Note that --exclude-dir is a relatively recent addition to the options for GNU grep, but it should only be missing on very legacy GNU/Linux machines by now. If you want to keep your .bashrc file compatible, you could apply a little extra hackery to make sure the option is available before you set it up to be used:

GREP_OPTIONS=
if grep --help | grep -- --exclude-dir &>/dev/null; then
    for pattern in .cvs .git .hg .svn; do
        GREP_OPTIONS="$GREP_OPTIONS --exclude-dir=$pattern"
    done
fi
export GREP_OPTIONS

Similarly, you can ignore single files with --exclude.
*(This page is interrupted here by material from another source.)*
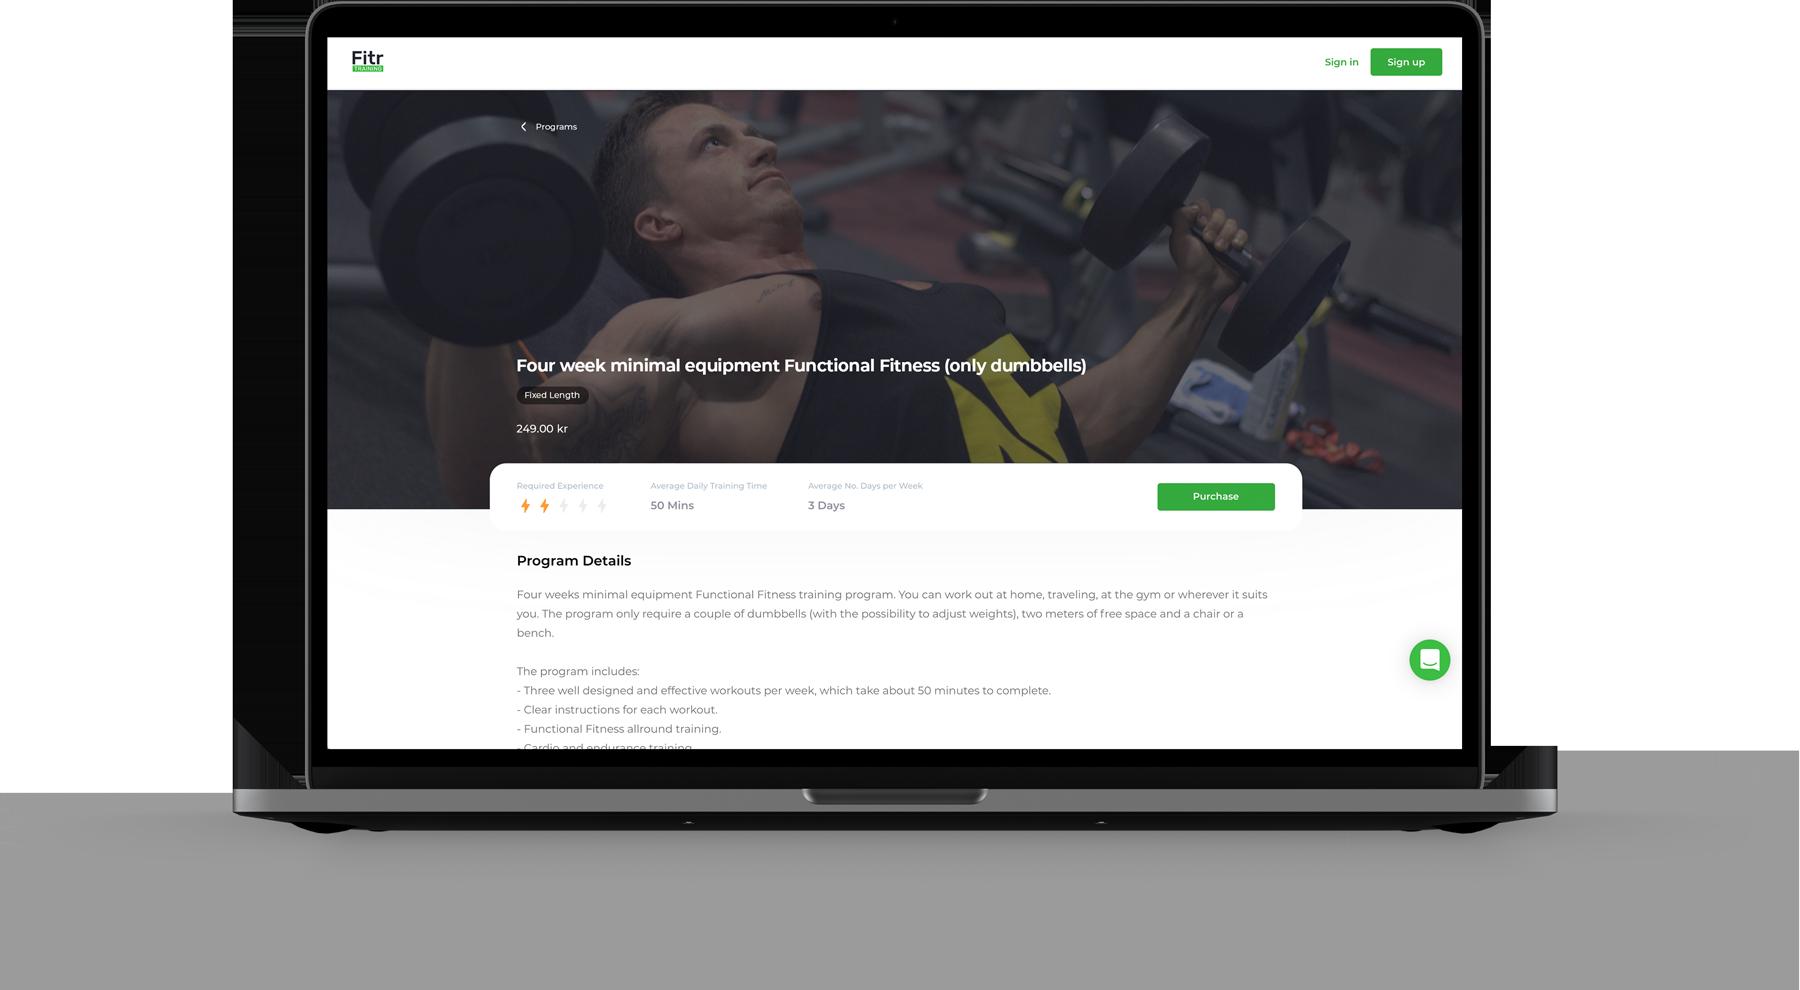 Program information page for online fitness software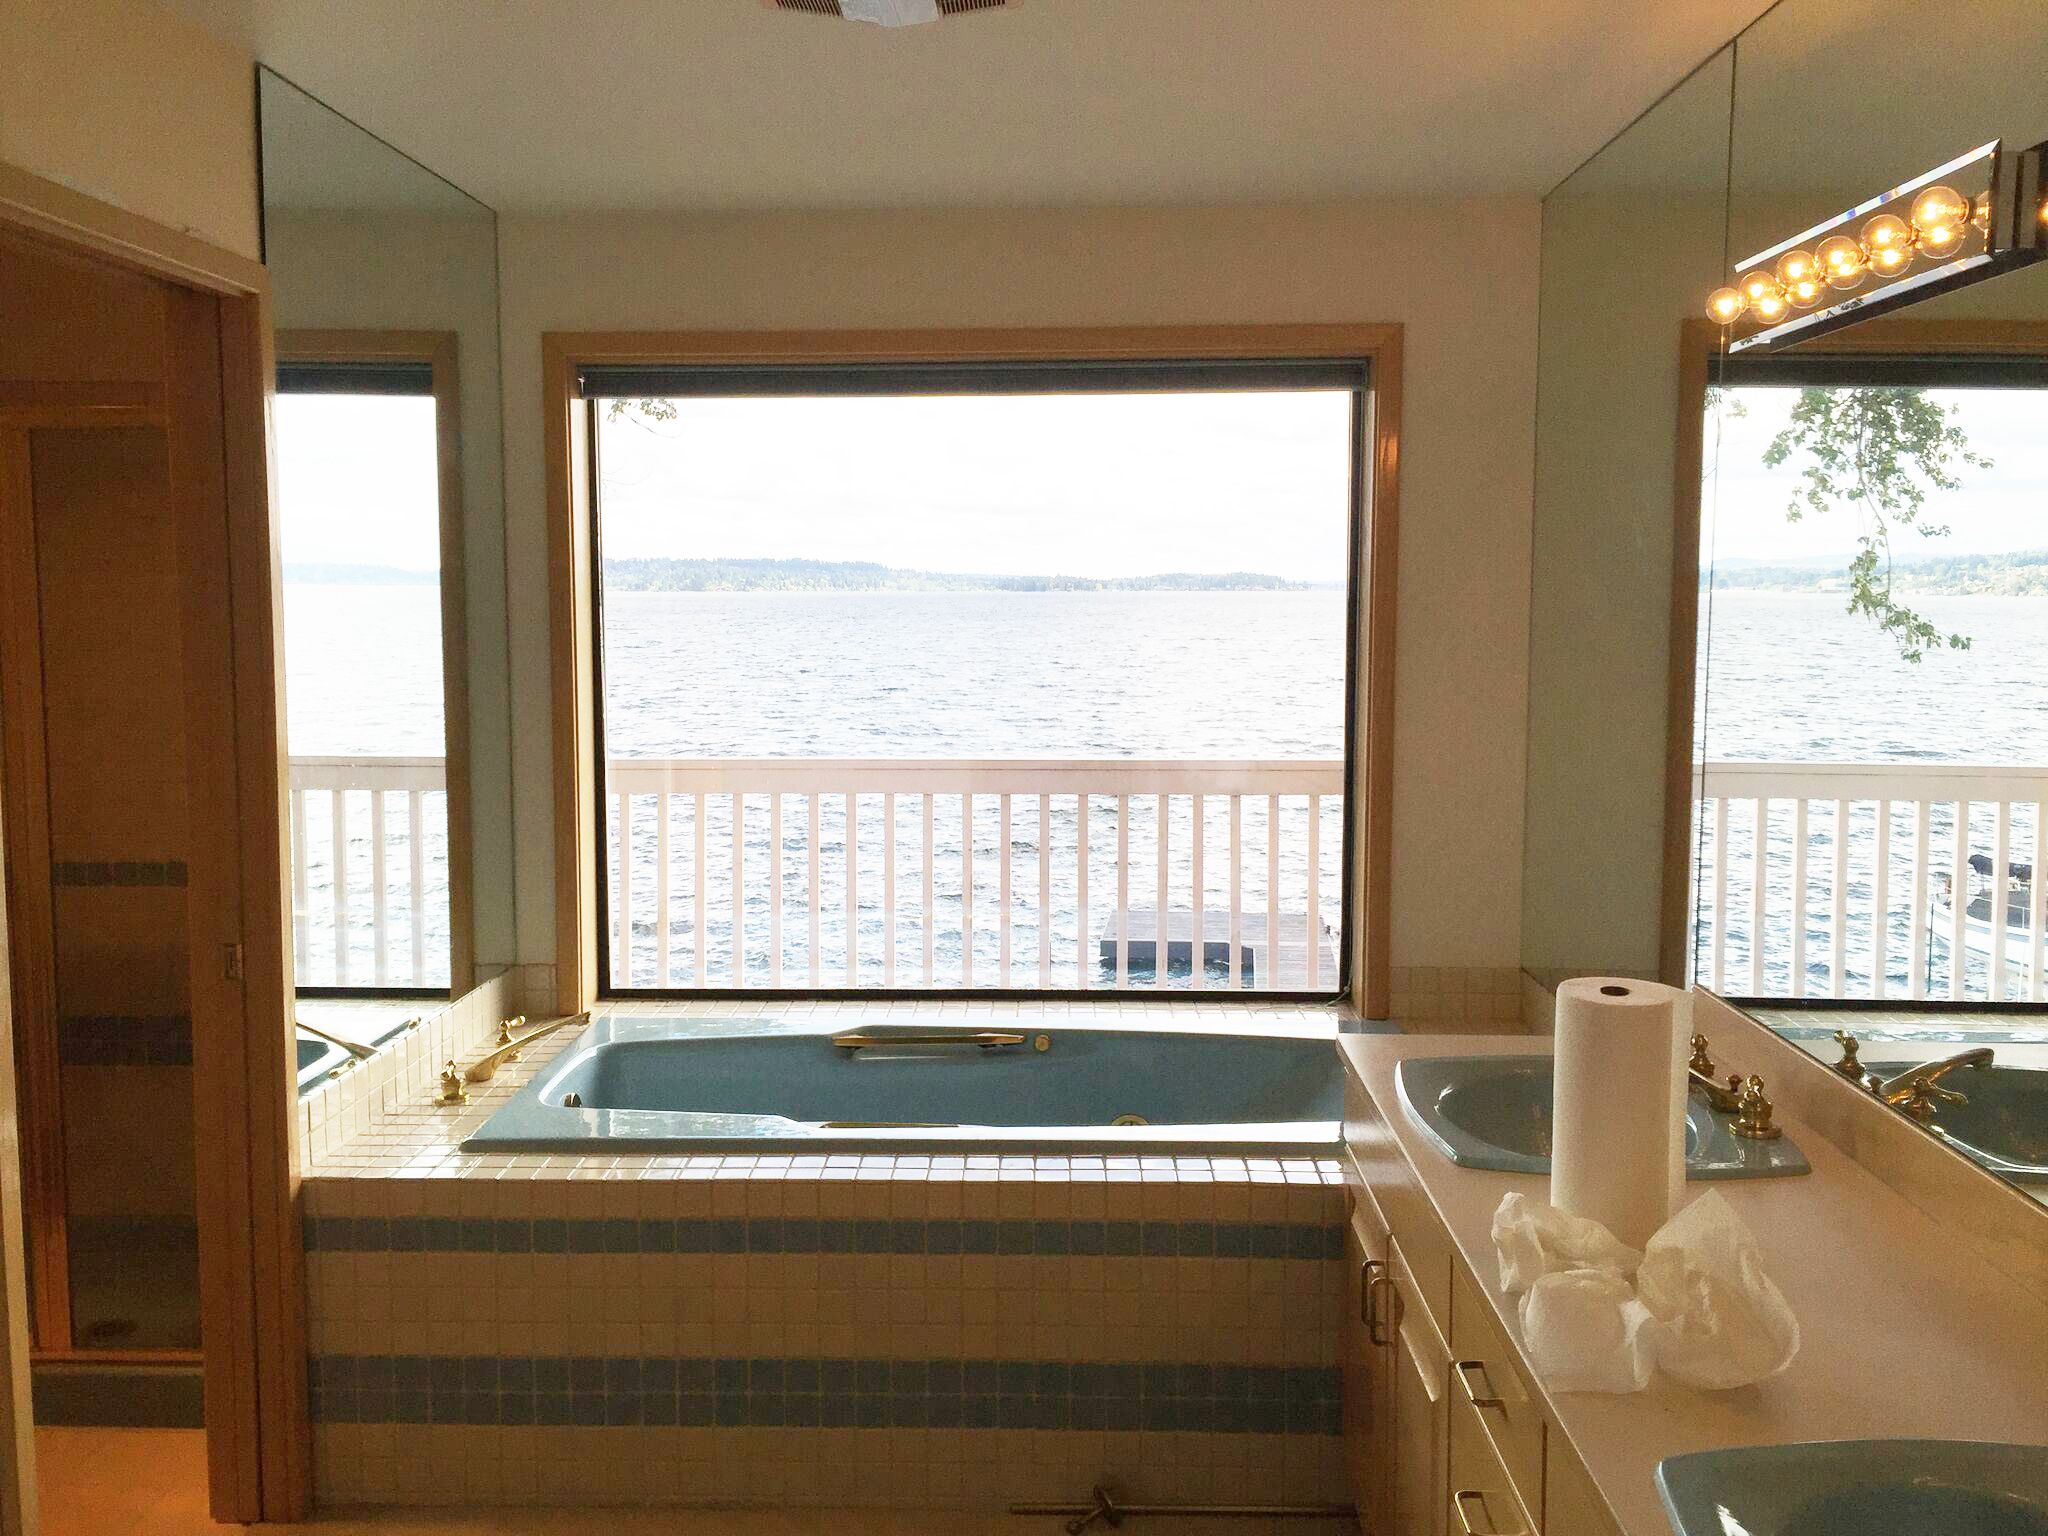 Bathroom remodel kirkland - This Kirkland Bathroom Remodel Will Have You

There’s also --exclude-from=FILE if your list of excluded patterns starts getting too long.

Other useful options available in GNU grep that you might wish to add to this environment variable include:

  • --color — On appropriate terminal types, highlight the pattern matches in output, among other color changes that make results more readable
  • -s — Suppresses error messages about files not existing or being unreadable; helps if you find this behaviour more annoying than useful.
  • -E, -F, or -P — Pick a favourite “mode” for grep; devotees of PCRE may find adding -P for grep‘s experimental PCRE support makes grep behave in a much more pleasing way, even though it’s described in the manual as being experimental and incomplete

If you don’t want to use GREP_OPTIONS, you could instead simply set up an alias:

alias grep='grep --exclude-dir=.git'

You may actually prefer this method as it’s essentially functionally equivalent, but if you do it this way, when you want to call grep without your standard set of options, you only have to prepend a backslash to its call:

$ \grep pattern file

Commenter Andy Pearce also points out that using this method can avoid some build problems where GREP_OPTIONS would interfere.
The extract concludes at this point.